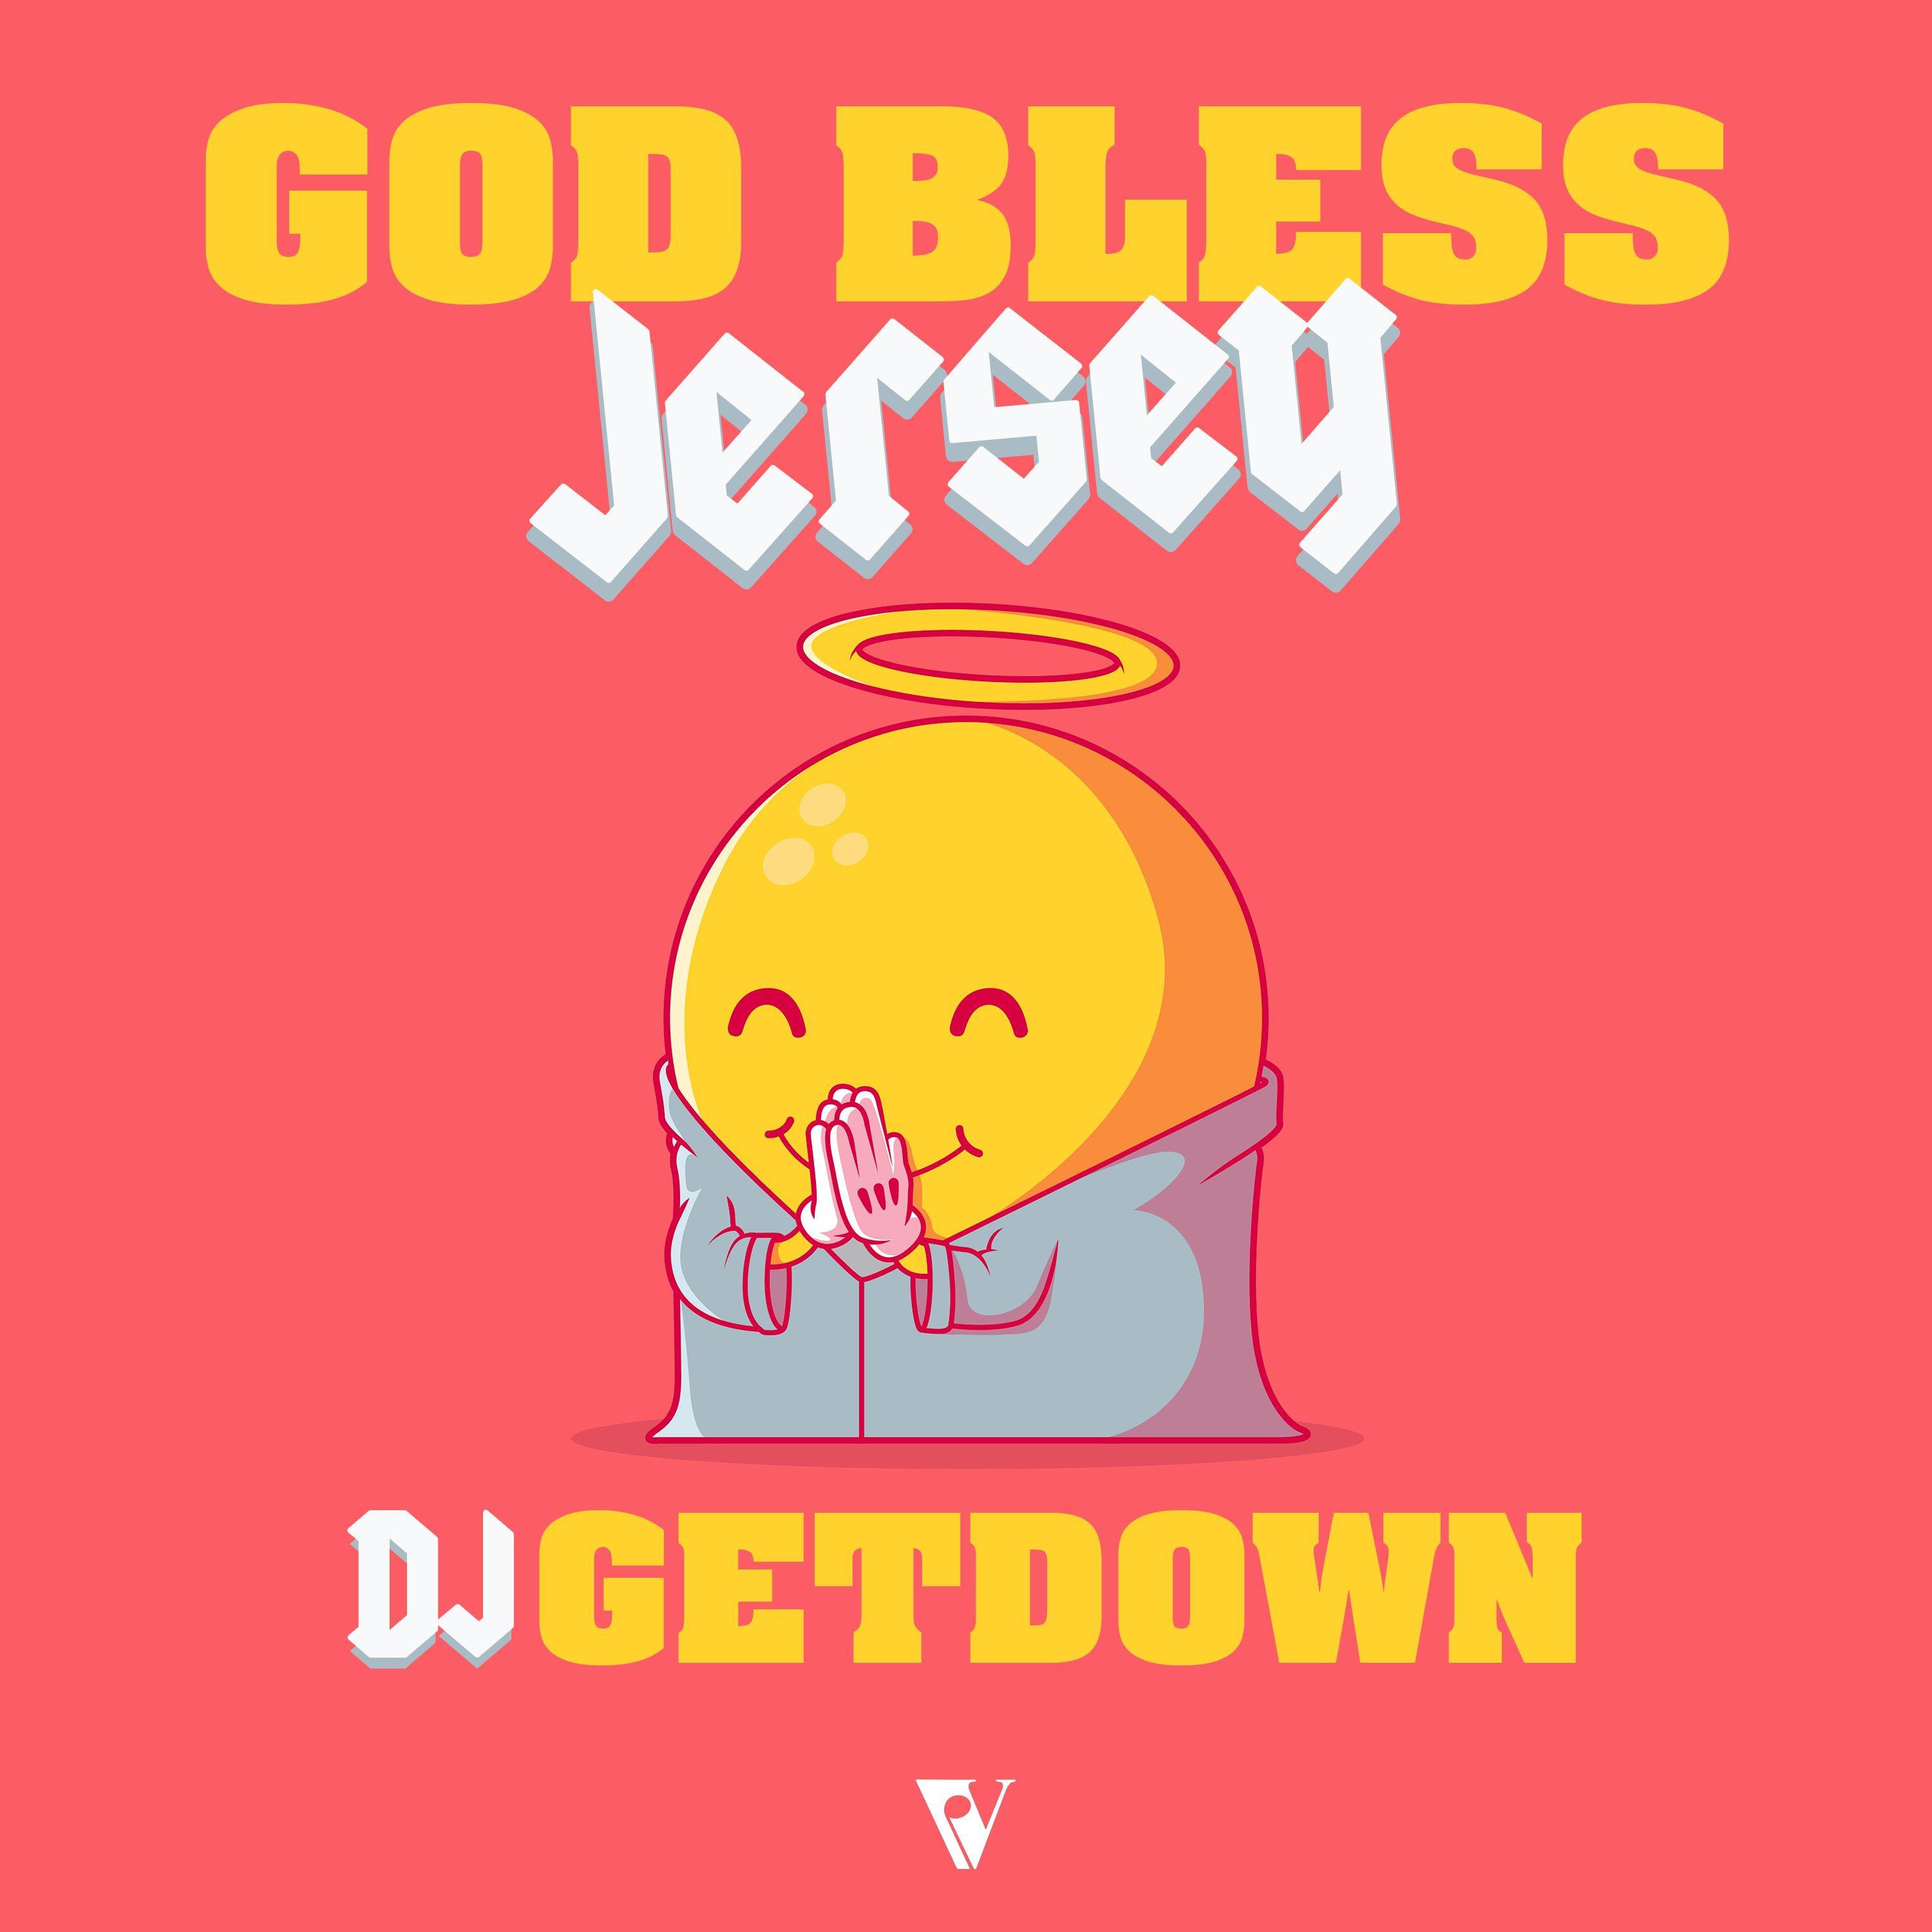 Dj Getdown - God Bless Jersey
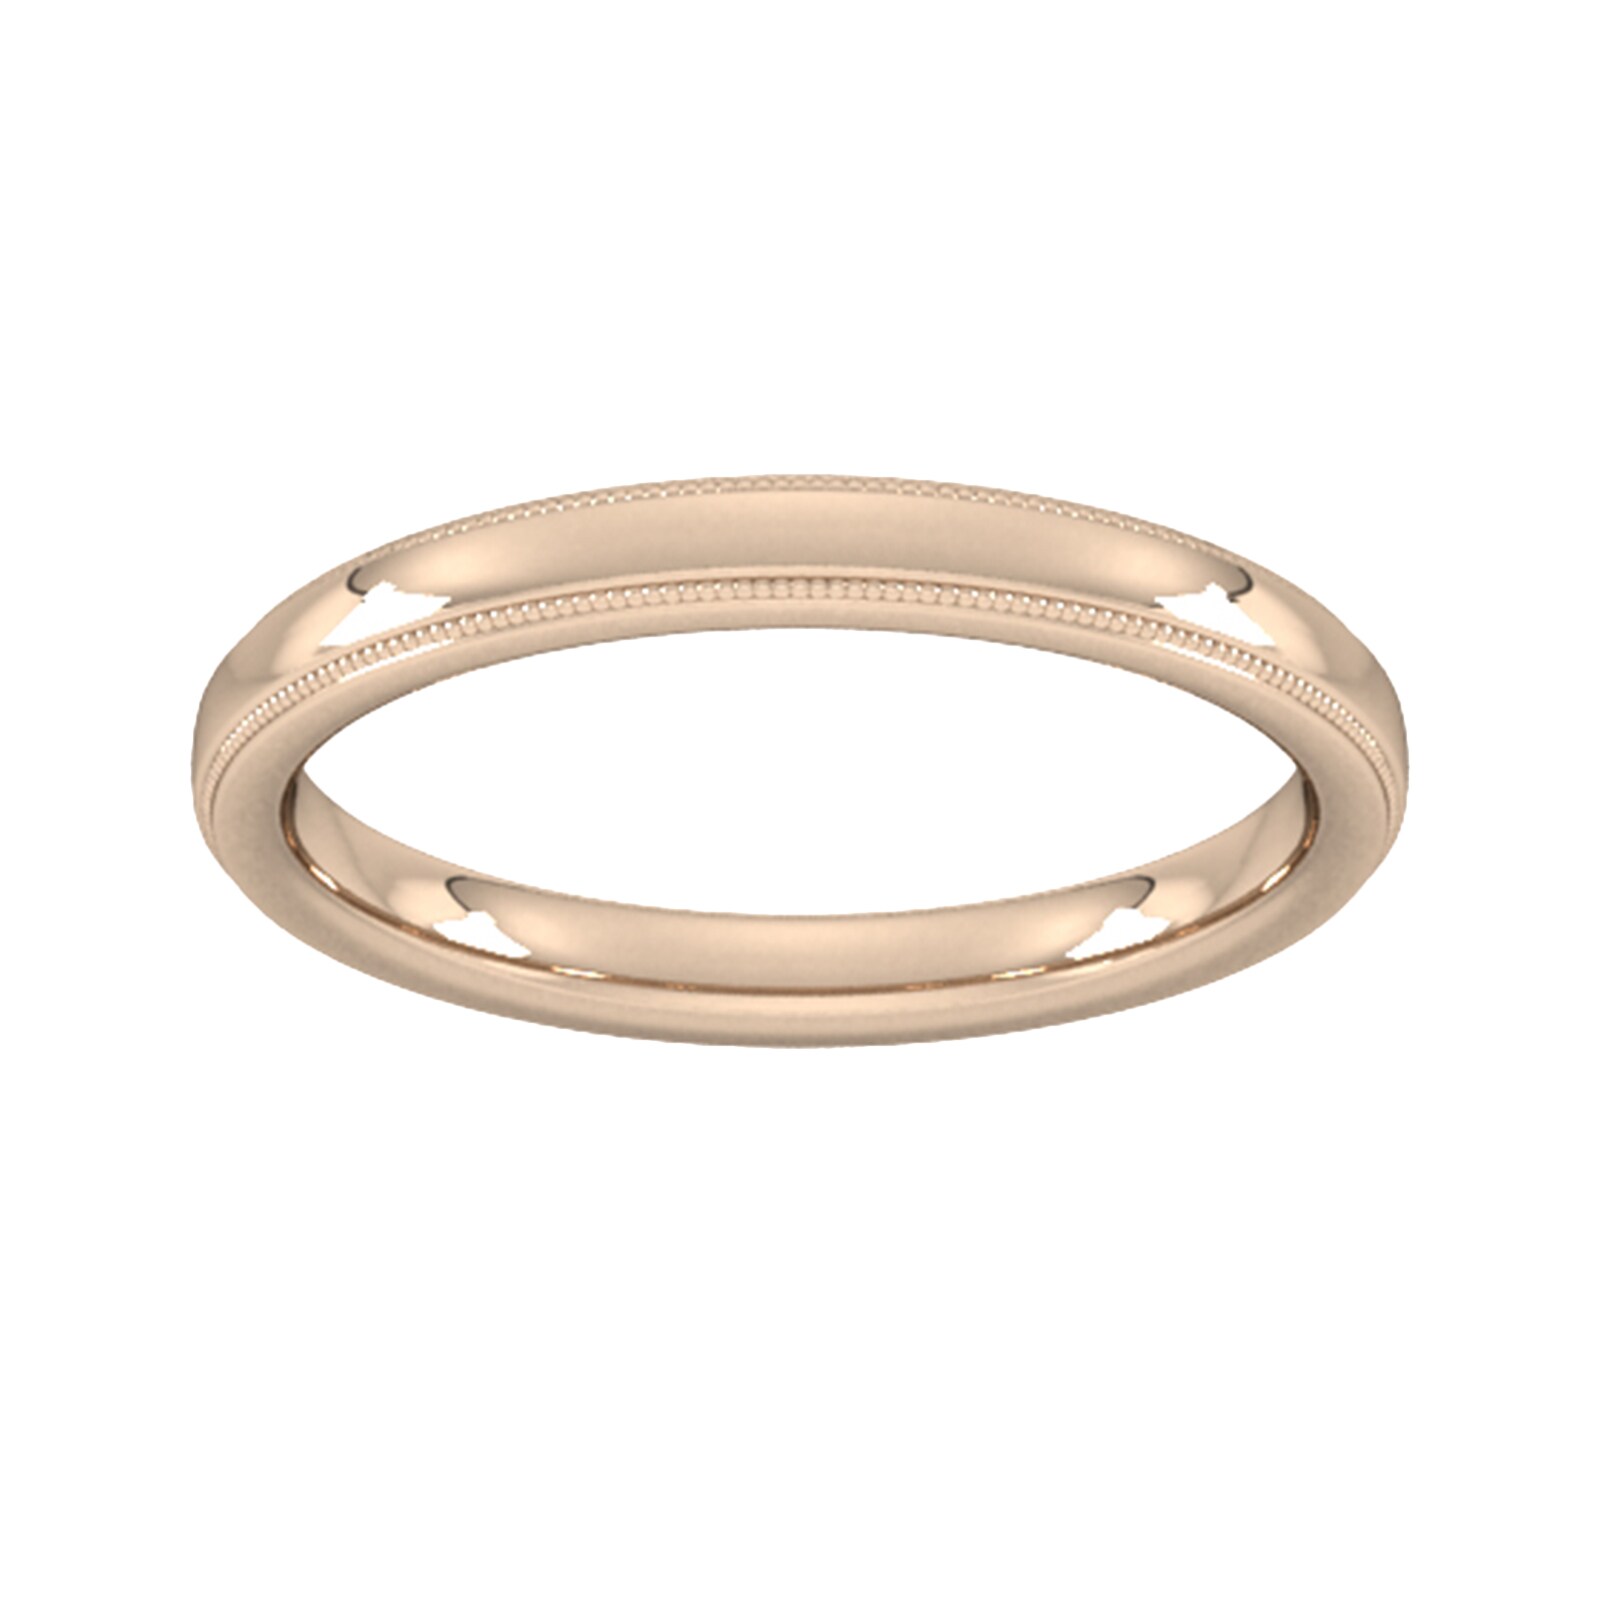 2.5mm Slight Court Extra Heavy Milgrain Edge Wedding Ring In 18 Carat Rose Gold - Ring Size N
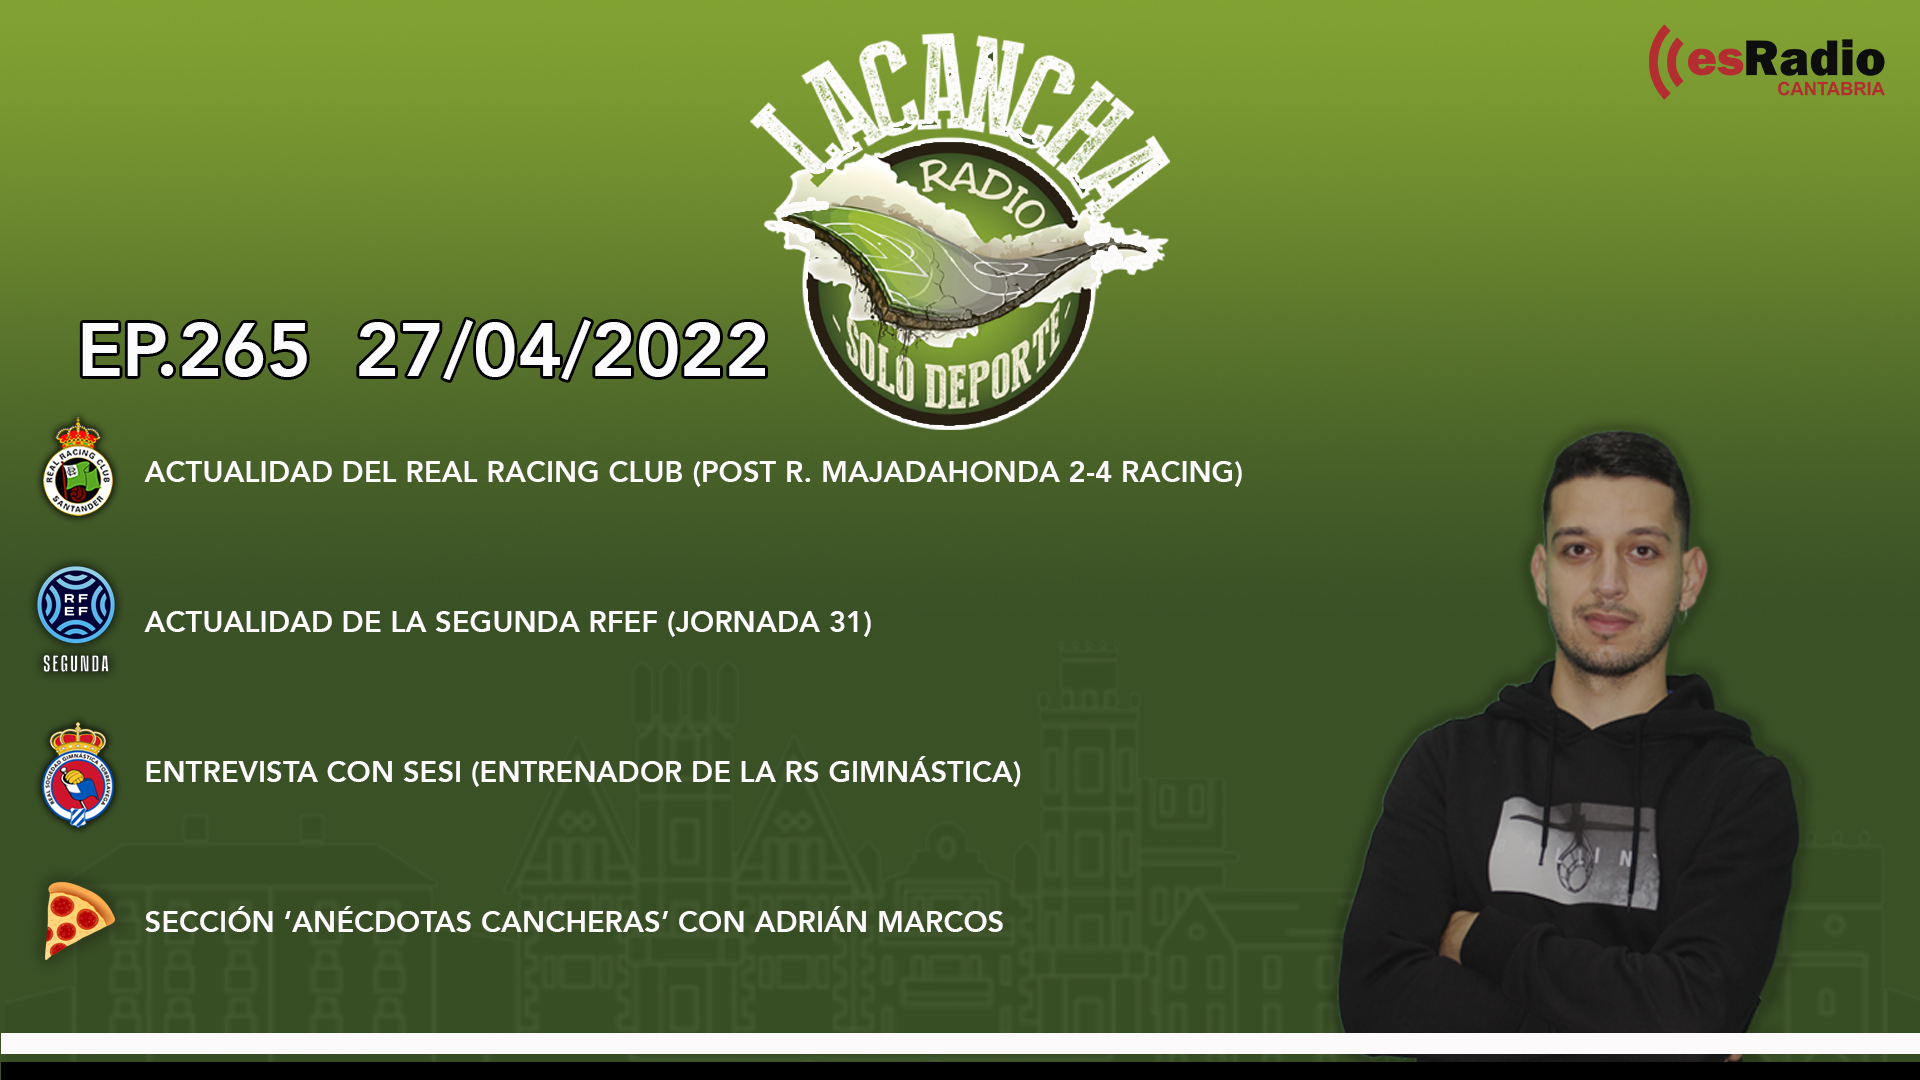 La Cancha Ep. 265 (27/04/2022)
━━━━━━━━━━━━━━━━
● What this task involves: Without including any pictures, reproduce the listing exactly.

● Result for this exercise:
 Dj Getdown - God Bless Jersey
 2.5mm Slight Court Extra Heavy Milgrain Edge Wedding Ring In 18 Carat Rose Gold - Ring Size N
 La Cancha Ep. 265 (27/04/2022)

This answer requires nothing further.